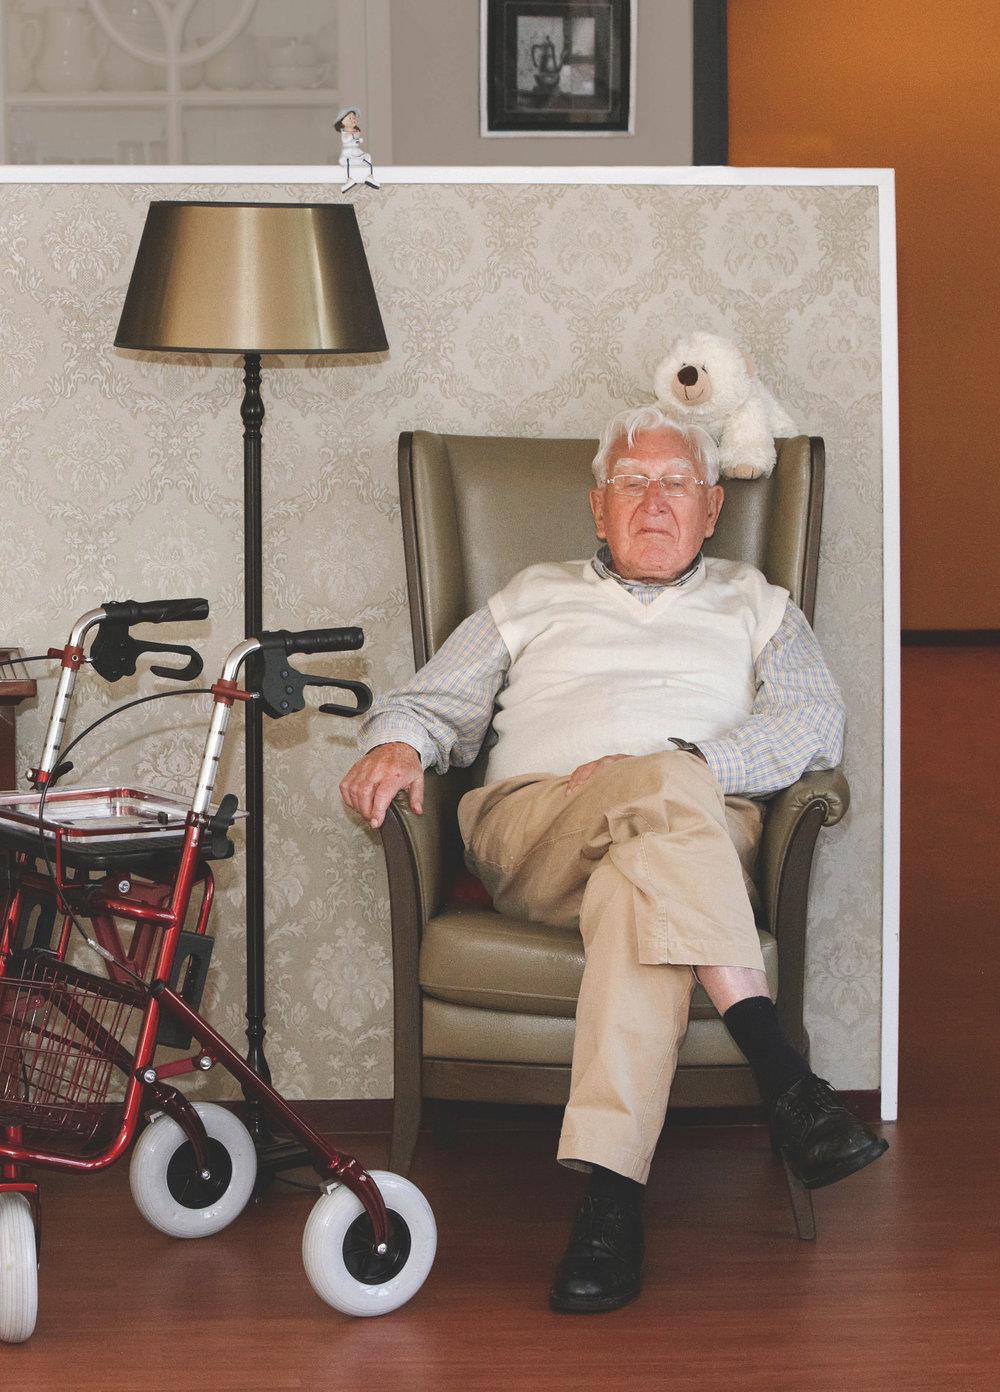 A resident of the Korongee dementia vilage in Tasmania. Photo by Anita Edridge
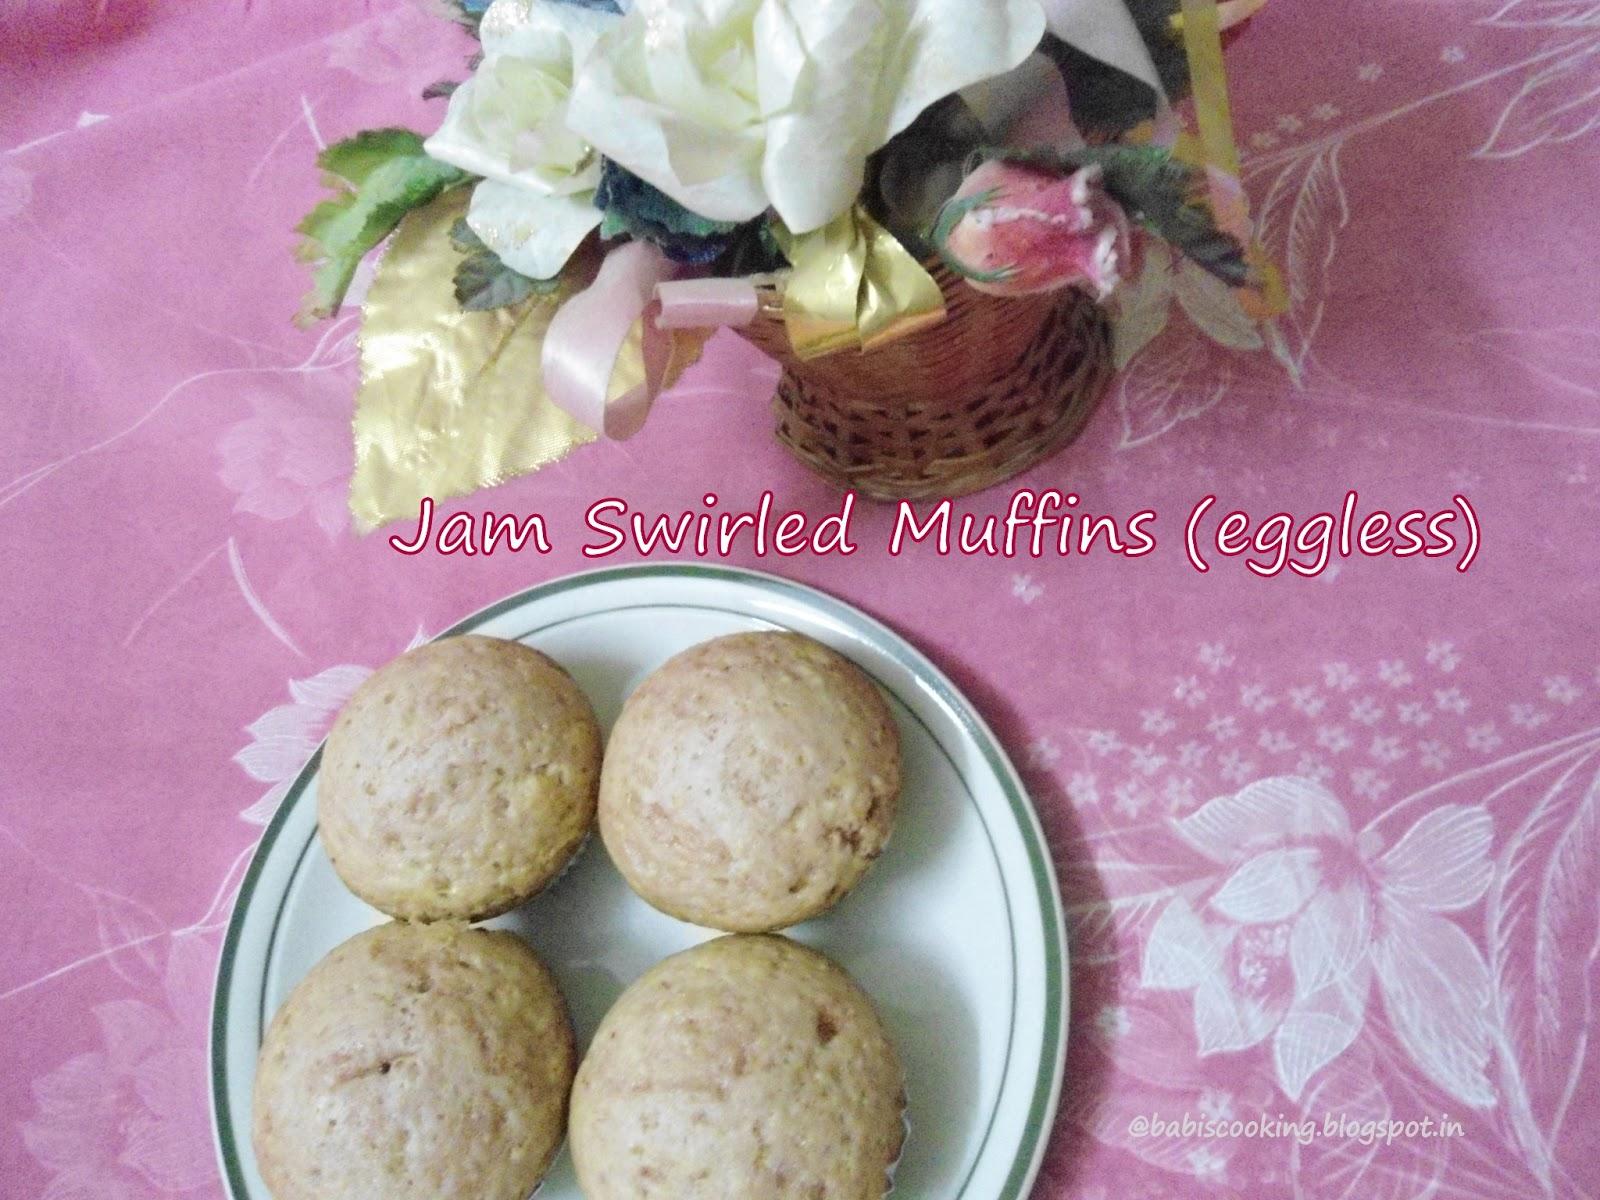 Eggless jam swirled muffins
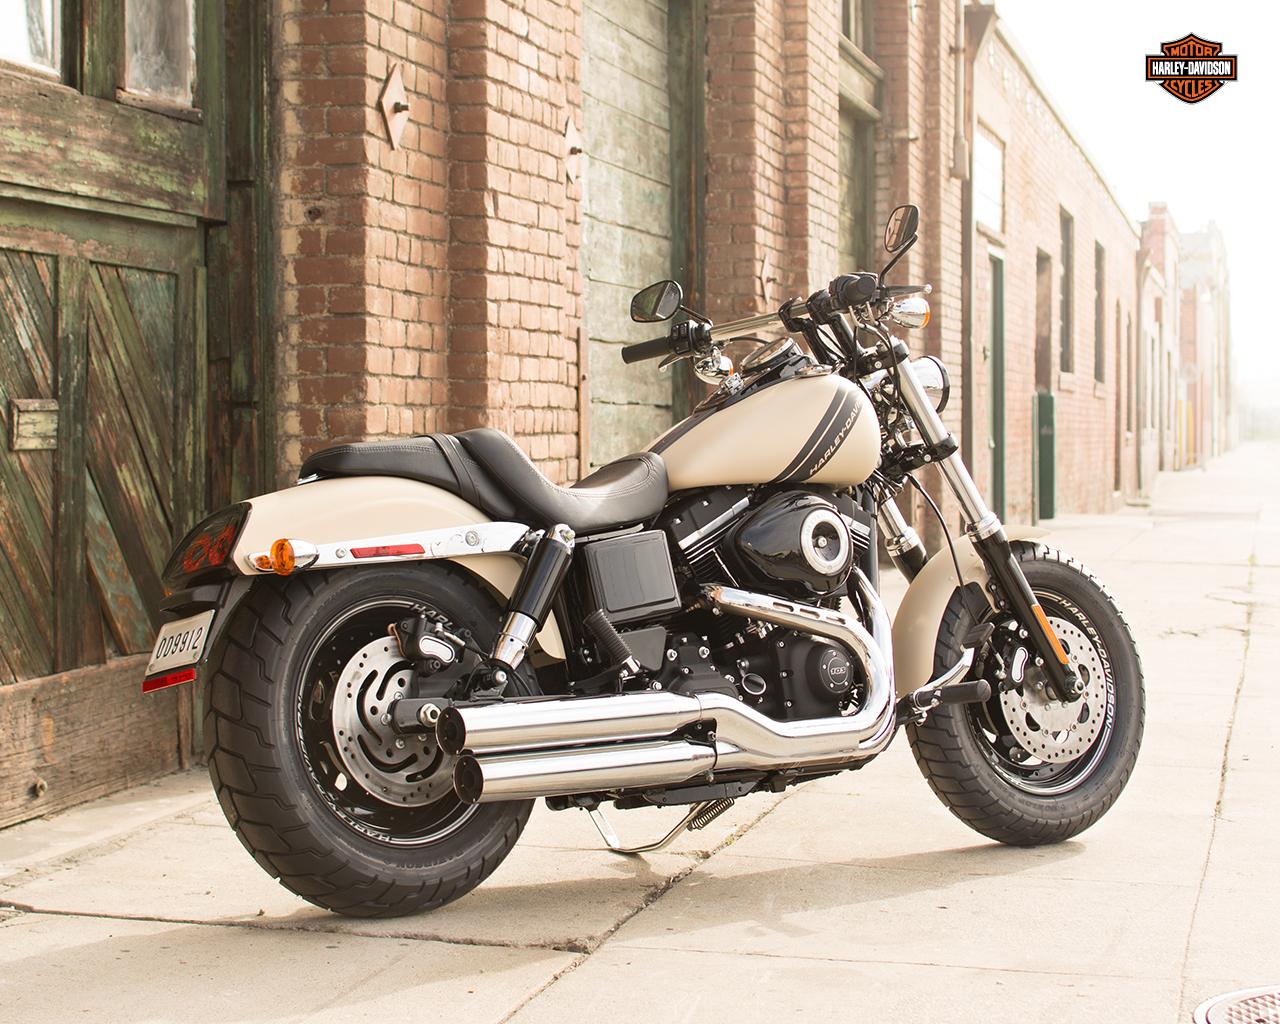 2015 Harley Davidson Fat Bob Is Unchanged Autoevolution
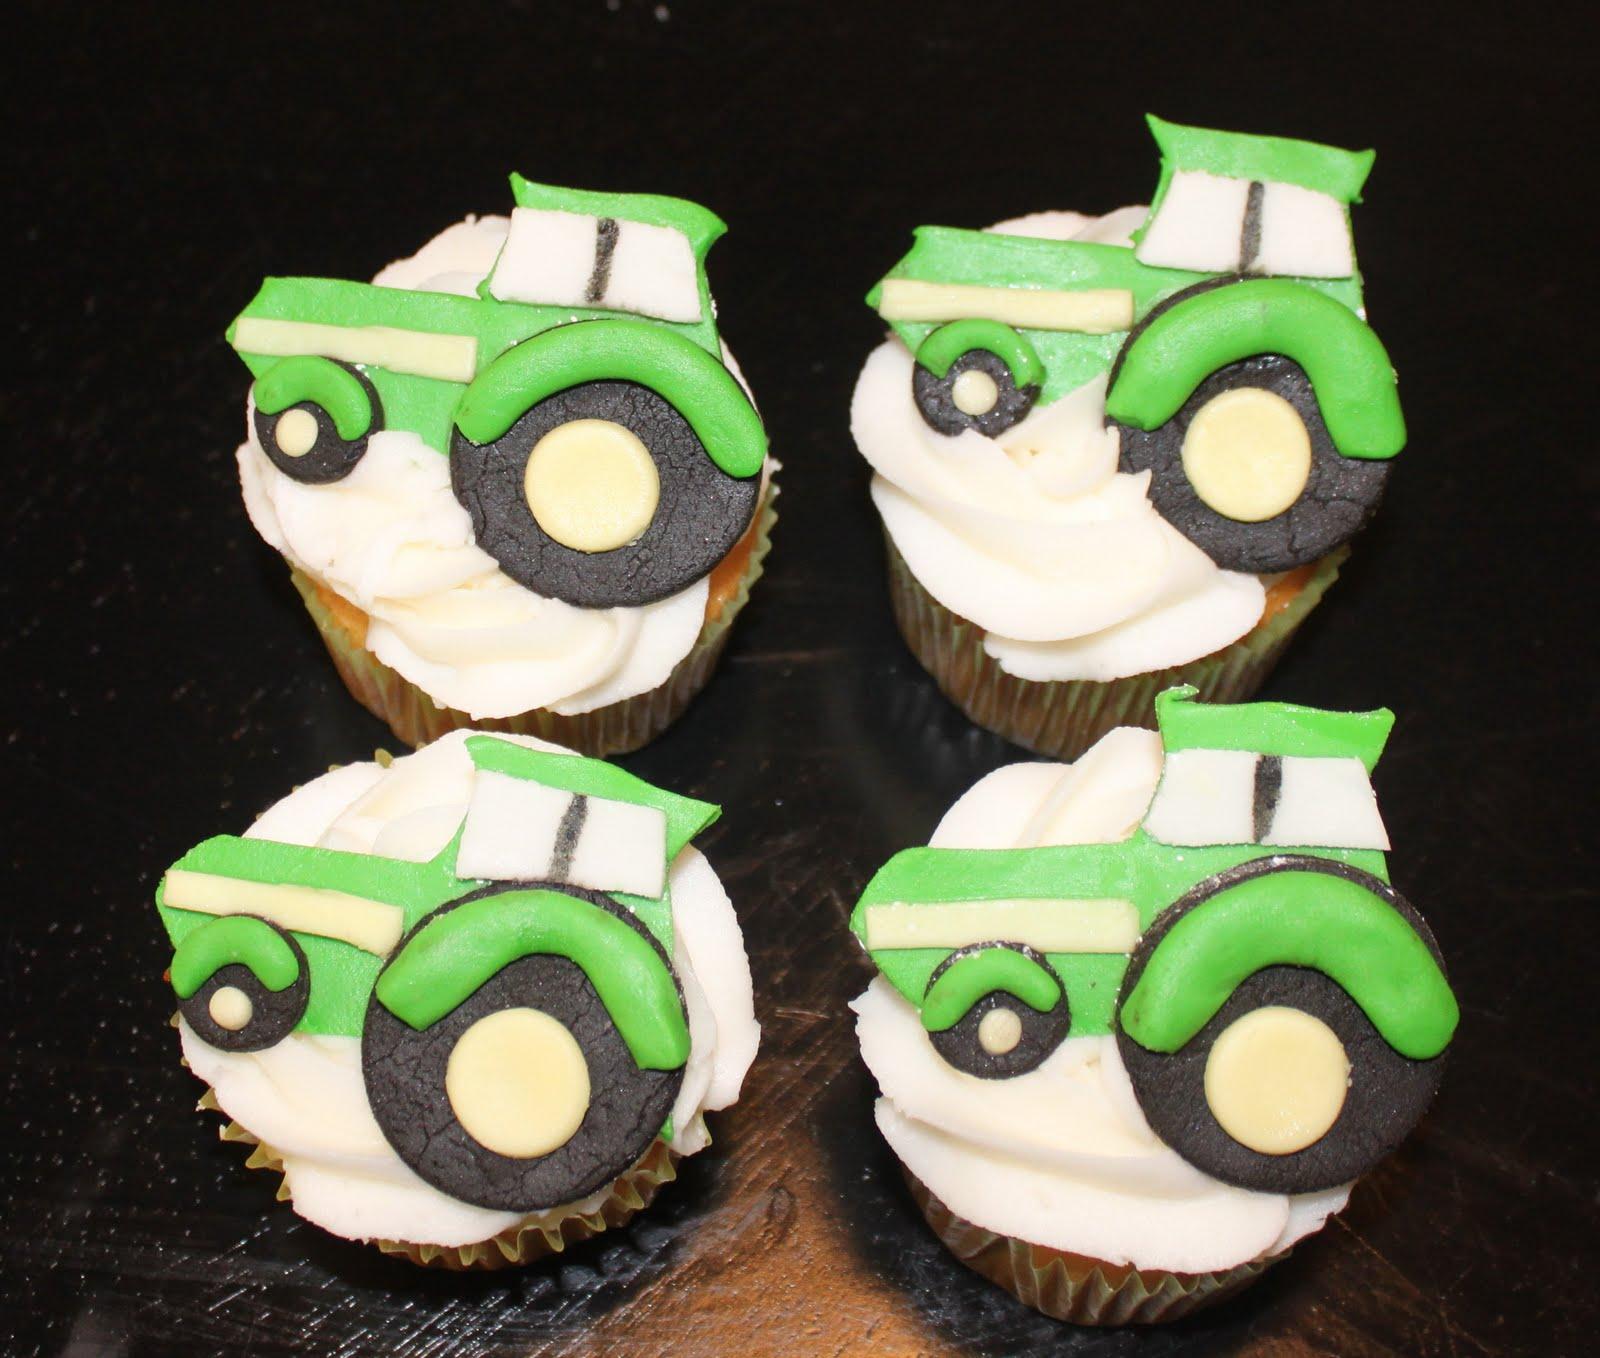 http://3.bp.blogspot.com/_3jXzkj44qbE/TJ4ItHUSg9I/AAAAAAAAAkM/Mpuv656eusk/s1600/John%2BDeere%2BCupcakes.jpg

_Brief_.
The data above must be given again in full and unaltered, minus its images.

_Output for this task_.
 A resident of the Korongee dementia vilage in Tasmania. Photo by Anita Edridge
 Eggless jam swirled muffins
 2015 Harley Davidson Fat Bob Is Unchanged Autoevolution
 http://3.bp.blogspot.com/_3jXzkj44qbE/TJ4ItHUSg9I/AAAAAAAAAkM/Mpuv656eusk/s1600/John%2BDeere%2BCupcakes.jpg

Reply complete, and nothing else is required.